- Directed by: Jovan Jovanović
- Written by: Jovan Jovanović
- Produced by: Danko Ješić Nedeljko Ješić
- Starring: Dragan Nikolić María Baxa Aleksandar Gavrić Danilo Stojković
- Cinematography: Petar Lalović
- Edited by: Jovan Jovanović Petar Aranđelović Kleopatra Harisijades Szabolcs Barta
- Music by: Dragan Cenerić
- Production company: Dunav film
- Release date: 14 July 1971;
- Running time: 71 min
- Country: Yugoslavia
- Language: Serbo-Croatian

= Young and Healthy as a Rose =

Young and Healthy as a Rose (Serbo-Croatian: Mlad i zdrav kao ruža, Serbian Cyrillic: Млад и здрав као ружа) is a 1971 Yugoslav feature film directed by Serbian director Jovan Jovanović. It belongs to the Yugoslav Black Wave movement.

== Plot ==
A young criminal from Belgrade, Stevan, nicknamed Stiv, engages in "borrowing" (a then-official term for theft) cars and petty crime. Along the way, he tells the audience about his antics and misconducts, summarising that every attempt to rehabilitate him has failed. Slowly rising to power, he starts to kill for money and lives a life of decadence, surrounded by sex and drugs. He attracts the attention of a police inspector, who becomes his accomplice. Stevan quickly takes over organized crime in the city. He becomes not only a celebrity but also an idol to young followers who take over buildings in the city for him. He shoots around town and, along with his followers, takes over Hotel Jugoslavija, where they are interviewed by reporters.
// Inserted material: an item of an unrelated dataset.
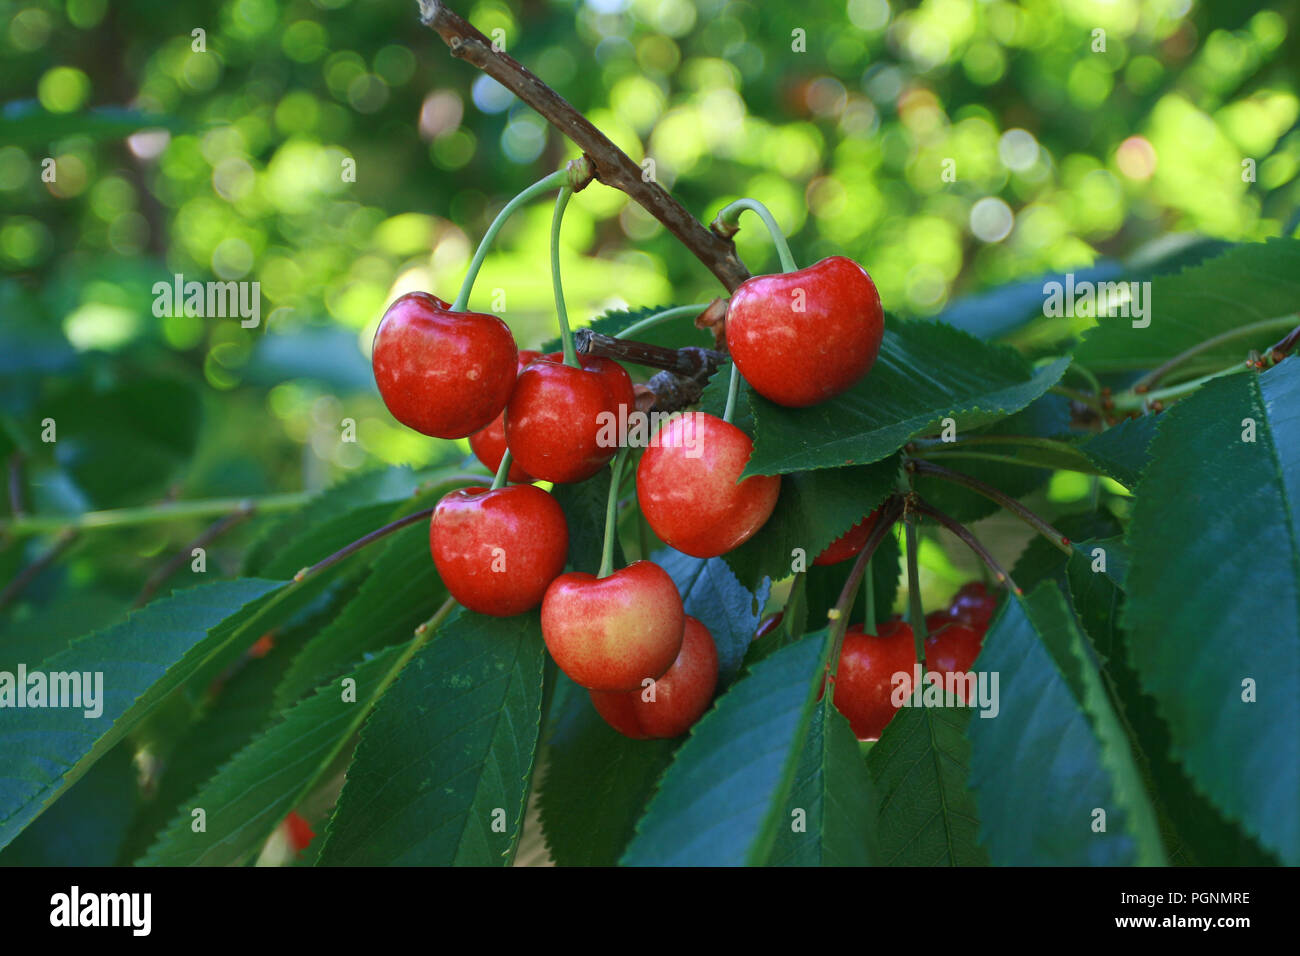 Ripe Rainier Cherries hanging from branch on tree Stock Photo
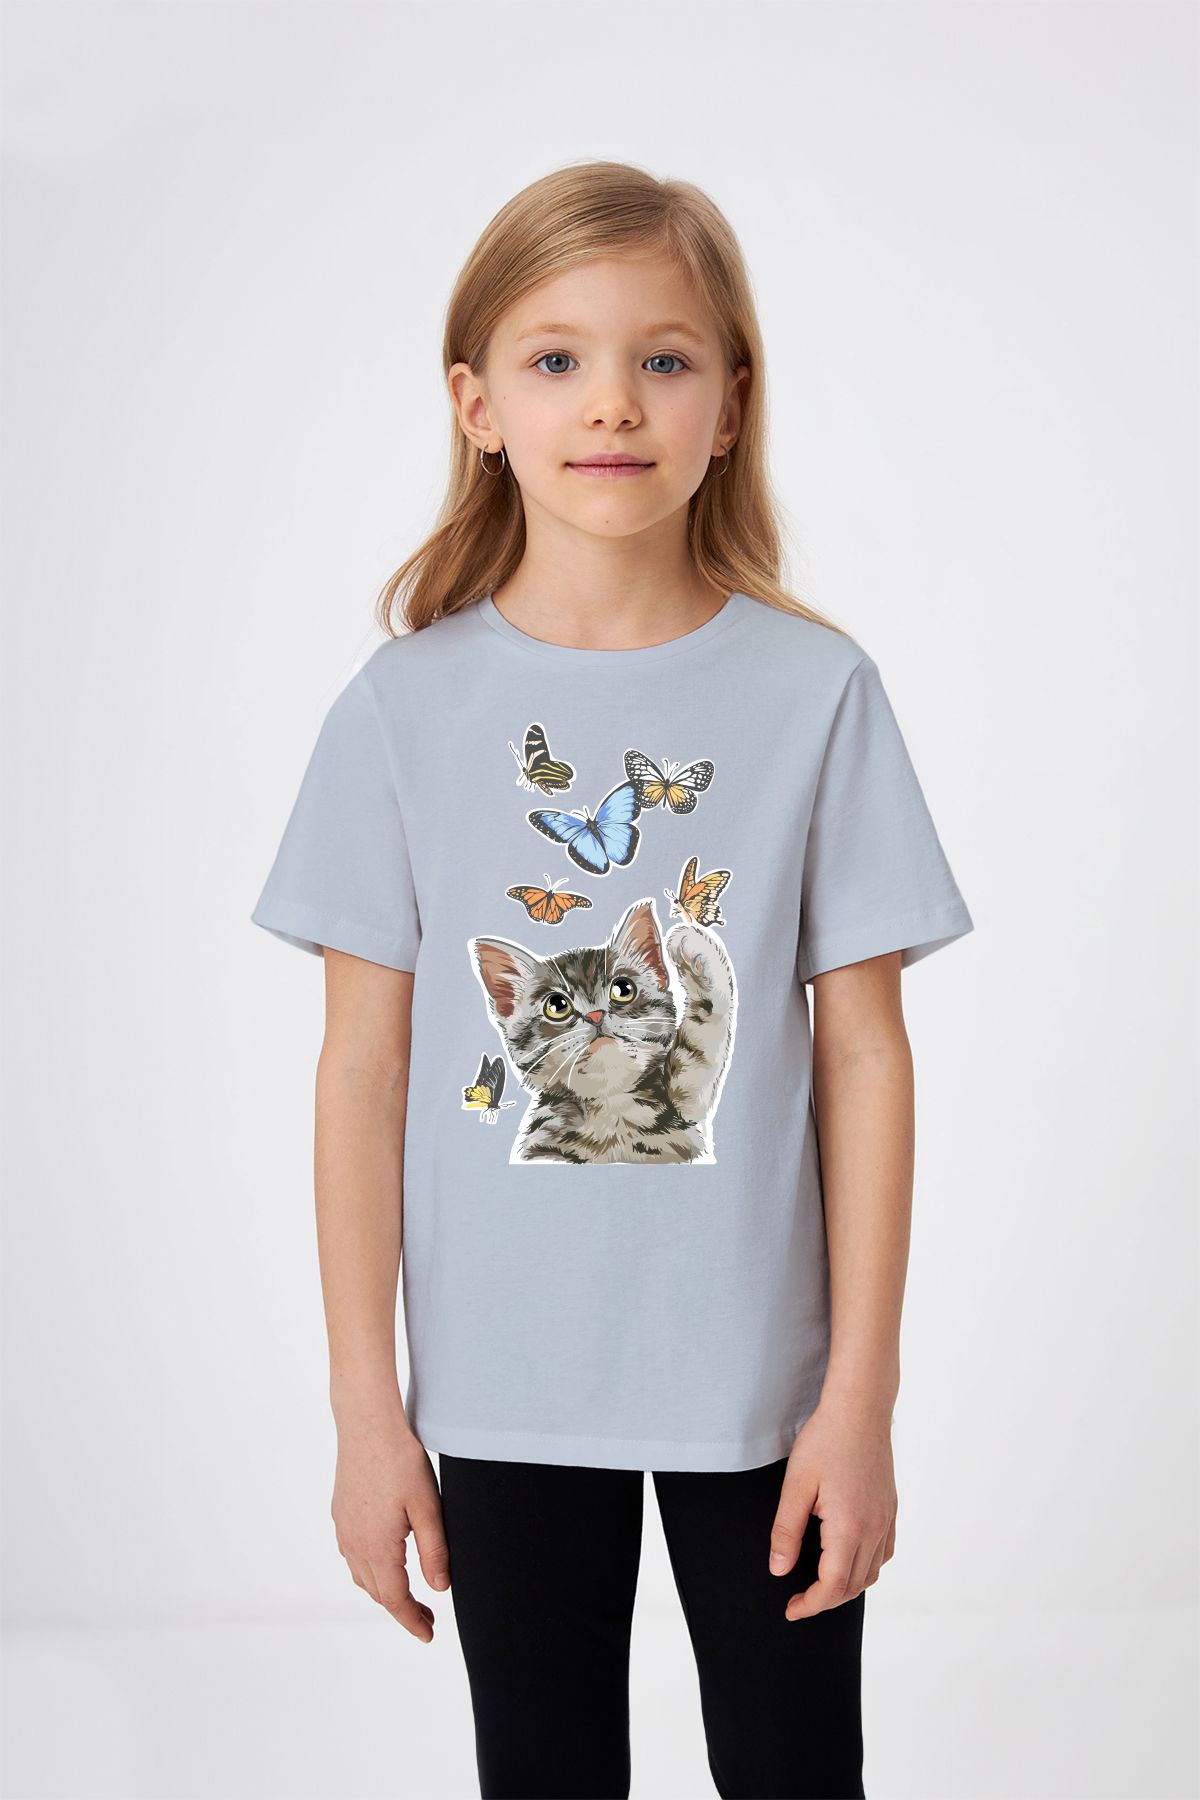 ADABEBEK Kelebeklerle Oynayan Kedicik Baskılı Kız Çocuk Tişört

A police chase breaks out and the camera follows Stevan in his attempt to escape, at the end of which he gets shot by a policeman. The scene is interrupted by footage of Stevan sitting outside a cafe, where he tells the audience that retribution against criminals is possible only in films, and that real-life criminals go unpunished for their crimes. He ends with the line "I am your future".

==Cast==

- Dragan Nikolić as Stiv
- Aleksandar Gavrić as police investigator
- María Baxa
- Danilo Stojković

== Release and censorship ==
After its official release, the film was shown only twice: at the Pula Film Festival and at the Student's Cultural Center in Belgrade. Screenings were stopped due to its perceived anti-establishment content, although it was never officially banned. The premiere also coincided with several other films such as Plastic Jesus and W.R.: Mysteries of the Organism, which provoked a regime reaction and confrontation with the Black Wave movement. The first subsequent public screening of the film took place 35 years after its release, as part of the 2006 FEST.

== Themes ==
The film, which found inspiration in politically charged films that were popular in the world at the time that promoted anti-establishment rebellion, was made in the style of the French New Wave, which includes non-linear narration and the protagonist's inner monologue that runs parallel to the plot. Most of the film was shot with a hand-held camera, which gives it a documentary feel.

Some critics dubbed the film's final line, "I am your future", as prophetic, primarily due to the similarities between Stevan and real-life criminals such as Arkan, as well as the film's allusion to the close ties between Yugoslav secret services and organized crime, which had a significant impact on the events in Yugoslavia and Serbia in the 1990s.

== Legacy ==
The Yugoslav Film Archive, in accordance with its authorities based on the Law on Cultural Heritage, declared one hundred Serbian feature films (1911–1999) as cultural heritage of great importance on December 28, 2016. Young and Healthy as a Rose is also on that list.